You'd much rather use practicals than flash but you also don't want to haul around practicals 'cuz they take up a lot of room and take forever to set up. A couple flashes on stands or velcro or gorillapods? You're golden. My wedding rig used to be a mammerjammer flash on the camera and then another mammer-jammer on an SU-4 (which was $200 all by itself) blasting the bride and groom from up high. That way you get useful shadows instead of shit shadows.

And now that only hipsters shoot film, you can see what you're getting now and adjust. Used to be you'd do this thing and hope it worked, and you'd find out three days later and use it next time in the field. You? You can fuck around until you're satisfied. A 64GB card will hold like 3,000 images at 50MPix. You can burn a million pictures and you should. What looks good in the viewfinder looks different on the monitor.

So. Flashes. Explained that. Aperture priority. Explained that. Whatever cameras you work with, depth-of-field preview is nice. It'll be a button you can press. Lenses. Again, whatever budget they're giving you, blow through it. If you buy $20k of gear (you won't need to buy $20k of gear) and sell it back for $16k you're only out personally $2k. If I were you, on your budget, I'd go

- 2ea. Eos 5D Mk IIs (the IIIs are pointless and the IIs have been out plenty long enough to be cheap used)

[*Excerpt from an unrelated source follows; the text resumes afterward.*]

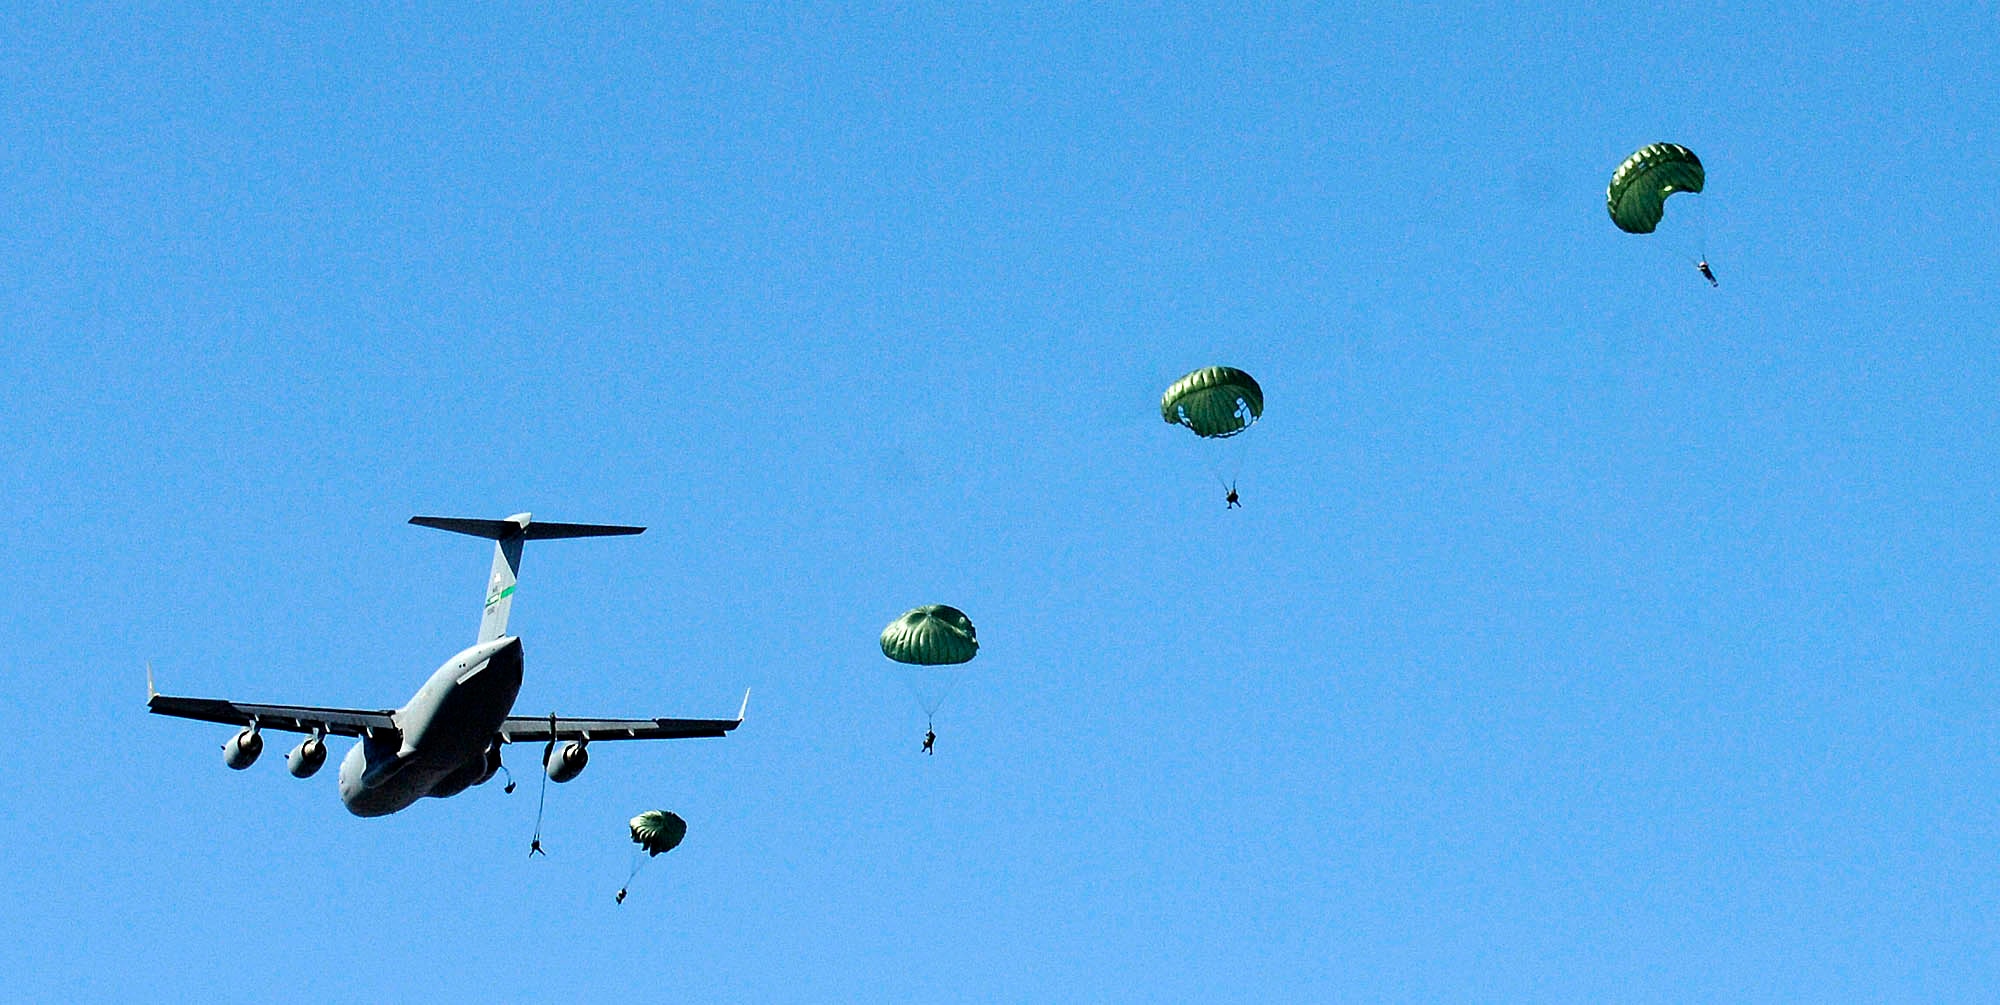 FAIRCHILD AIR FORCE BASE, Wash. – Survival, Evasion, Resistance and Escape School instructors here perform a parachute demonstration for SERE students March 24. The demonstration teaches students to correct parachute procedures during and after bailout. (U.S. Air Force photo / Staff Sgt. JT May III)

- the 16-35 II wide angle zoom.

- a 200-400 or so.

- 28mm prime.

- 55mm prime.

- 135mm portrait.

- 17mm tilt-shift.

...but really, if you go to a camera shop you trust and let them make you a deal you'll be rawkin'. You might even let them try you out on a long-term rental.

LIGHTROOM

Learn it now. Learn the shit out of it. Do the Lynda course or whatever but take whatever photos you already have and learn to catalog them, learn to process them, learn to evaluate them, learn to output them with tags and shit on them. You're going to be generating piles and piles and piles of data. You're going to want a couple hard drives to back up to every single day, one in the front of the car, one in the back. It isn't just about taking the photos, it's about getting them in front of people. The difference between a professional and an amateur is a professional shows fewer of her pictures. Back in the film days, typical shooting ratios were 1 good shot out of a 24 exp roll. I wasn't quite professional enough; I'd show two or three. Now that everything is digital? If you get 3 good shots out of an afternoon photo shoot, you win... but that means you took 400-500 shots. As you can tell, this means that you need to lightroom shit down by a more than 100:1 ratio. You're going to want to get good at it now.

And you're gonna want a calibrator. Datacolor Spyder. Whatever you can afford, whatever makes sense. 'cuz tweaking your images to look good on a monitor that looks bad can ruin your entire life.